SpaceRace is a very small business. We like it that way, because being small lets us concentrate on the things we’re good at (creative strategy-making, web development, hare-brained ideation) and avoid the things we stink at (babysitting, delegation, accounting). Taking stock of our business goals has never involved seeking ways to get bigger. We have a strong stable of collaborators whom we respect and trust, and a manageable client base whom we feel we can truly serve with the rocket power we possess. Our utmost goal is to be happy, and for that we have to love what we do. Every year our resolution is to love it just a little bit more, and we do that by looking ahead to what’s possible and pointing our rocket belts in that direction (see image at left).

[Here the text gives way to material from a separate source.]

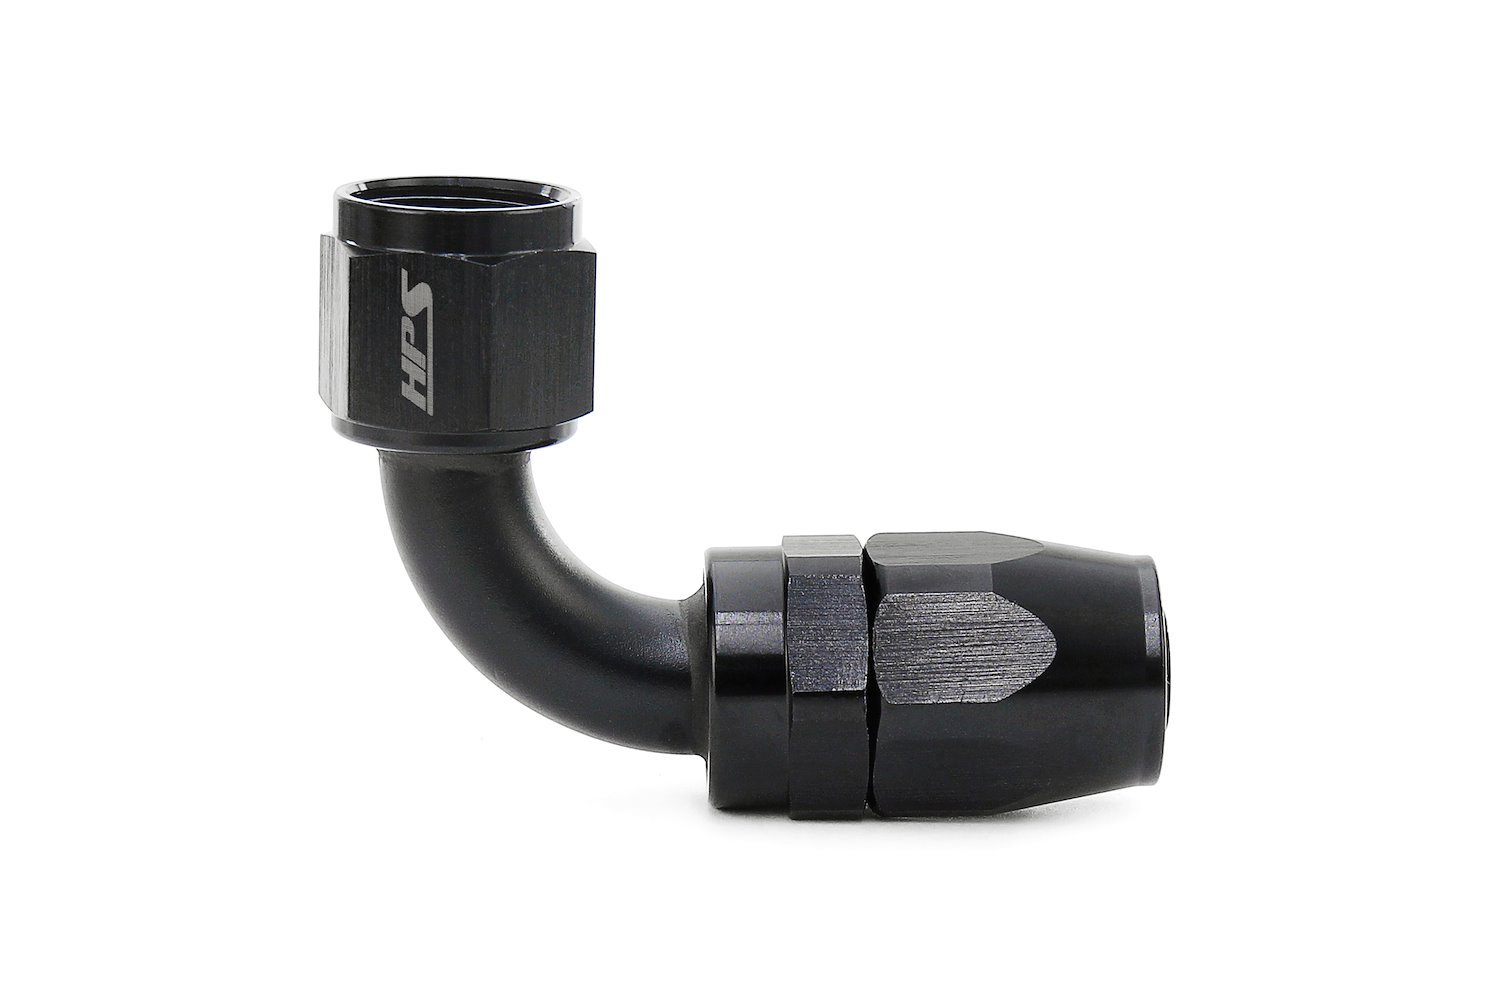 250-9016 250 Series 90-Deg Hose End, Reusable Compression Style Hose End Fitting, Easily Assembles w/ Hand Tools

But just because we’re ok with our size doesn’t mean we don’t have active learning goals. And the dawn of a brand spankin’ new year is a great time to take stock of what we’ve learned and what we really want to learn and experience next.
For me, that’s a giant 365 day slow-cooker of skills, books, events, discussions, and socks. It’s the SpaceRace HOT LIST for 2013, and this week (January 2 – 6) is dedicated to telling you all about it:
A book:
Daniel Pink’s To Sell is Human
He’s one of my favourite authors because, for the love of Pete, he makes so much sense! With an emerging focus and interest in advocacy work, I am eager to hone and spit shine my techniques of persuasion. He’s also been particularly clever about pre-marketing this much-awaited new title – inviting pre-ordering folks a chance to participate in a New Year’s Day webinar (it rocked), providing cool workbook templates, offering signed bookplates, and putting out a lot of other really great content to support the book. These “First Mover” opportunities have helped build value in the ideas of the book, generated excitement, and created a tribe of pre-selling Pink fans. Book marketers, take note.

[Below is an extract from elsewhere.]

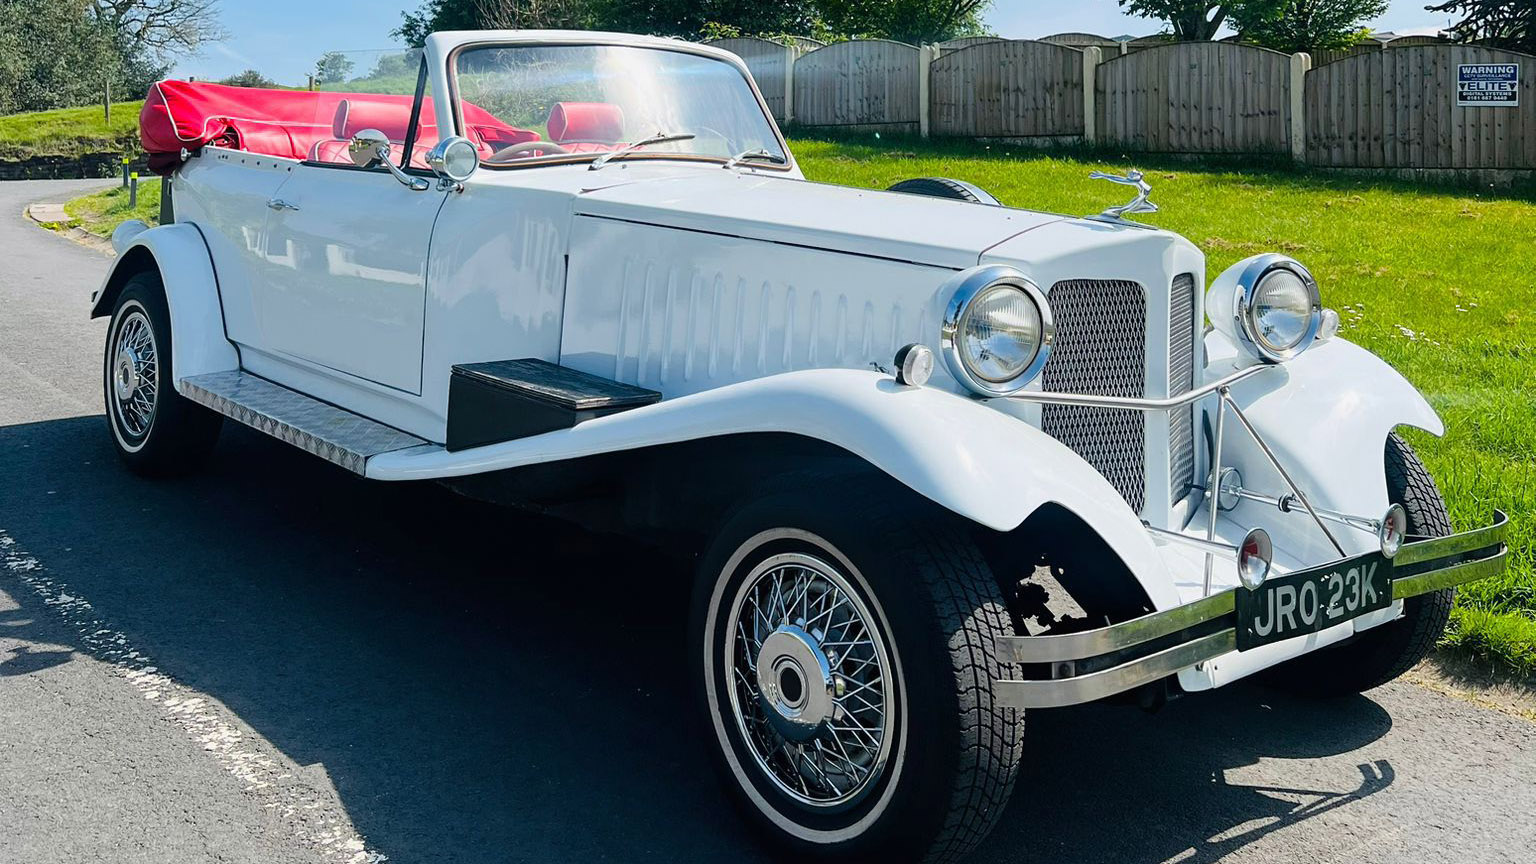 Right side view of White BEauford Convertible with roof down

Here’s a particularly clever review from NPR.
A skill:
I defer to the talented SpaceRace Jimmy in most matters of design and image manipulation. Although I’m often the critical eye – because I know what I like and what I like is usually good (usually), I am too easily frustrated to develop a solid skill foundation in Photoshop. It pains me to no end, as I was the kid who cut out heads and photocopied them on to other people’s bodies, and I did it often and well. Yet any attempt I’m made to become proficient at PS has resulted in tears of agony and childish fist-banging. In 2013, that’s going to change. How do I know? Not even 2 weeks ago a friend asked me to paste their colleague’s head on to Astroboy’s body. And I did it. The time is now.
An event:
It’s really hard to nail down the event I’m most looking forward to in 2013. I’m headed for SXSWEdu in March, based on last year’s experience being completely positive. And fun. And game-changing. And I love Austin. This year I’ve extended my badge so I can also take in Interactive and Film.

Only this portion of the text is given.